Sure. That's helpful, Nitin. Thank you so much. All the very best.
Thanks.
Thank you. Next question is from Abhishek Gupta from Axis Asset Management. Please go ahead.
Hi, Nitin. Good morning. I'm acknowledging to the setup. Just wanted to take on the leaders from margin. As I see for the full-year basis, the subcon seems to have increased. Subcon has increased.
Abhishek, sorry to interrupt you. Audio is not clear.
Can you speak through the handset, please?

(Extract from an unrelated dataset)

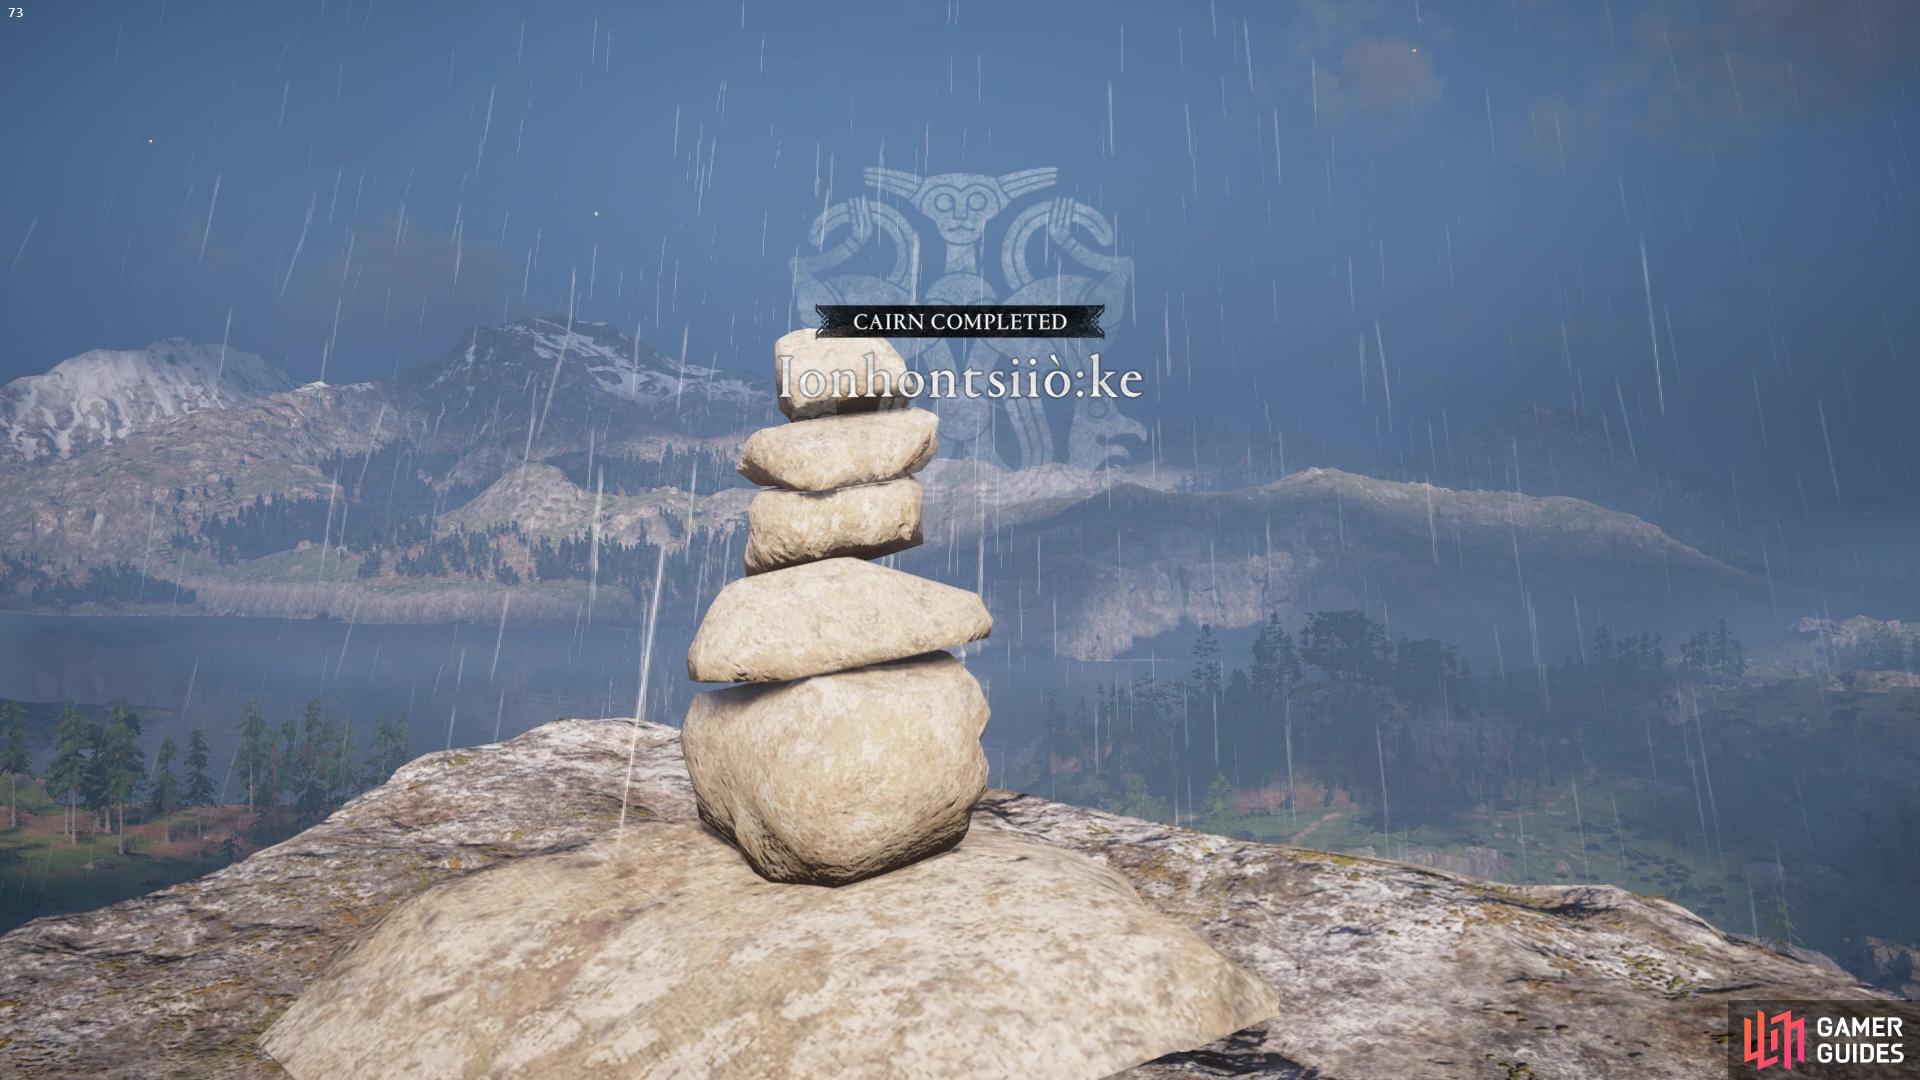 it's an easy stack of stones to build!

I'm audible? Yes. Go ahead. Hello. Yeah. The only thing which I see, hello.
Yeah. Good.
The headcounts, yeah. The headcounts for the last four years seems to have been decreasing, and that seems to have been switching to the subcon expenses, as well as our utilization seems to be at 86%. Are we kind of uncertain about the demand environment where we are hiring on the as per the deal basis? Will it continue to see in the FY 2026 also? Will it be not a margin lever going forward?
I don't think that's the way to think about the headcount metrics. I think sometimes what happens is, especially in larger deals or transformation deals, you start with a certain headcount or you take over a certain book of body, and then you transform it.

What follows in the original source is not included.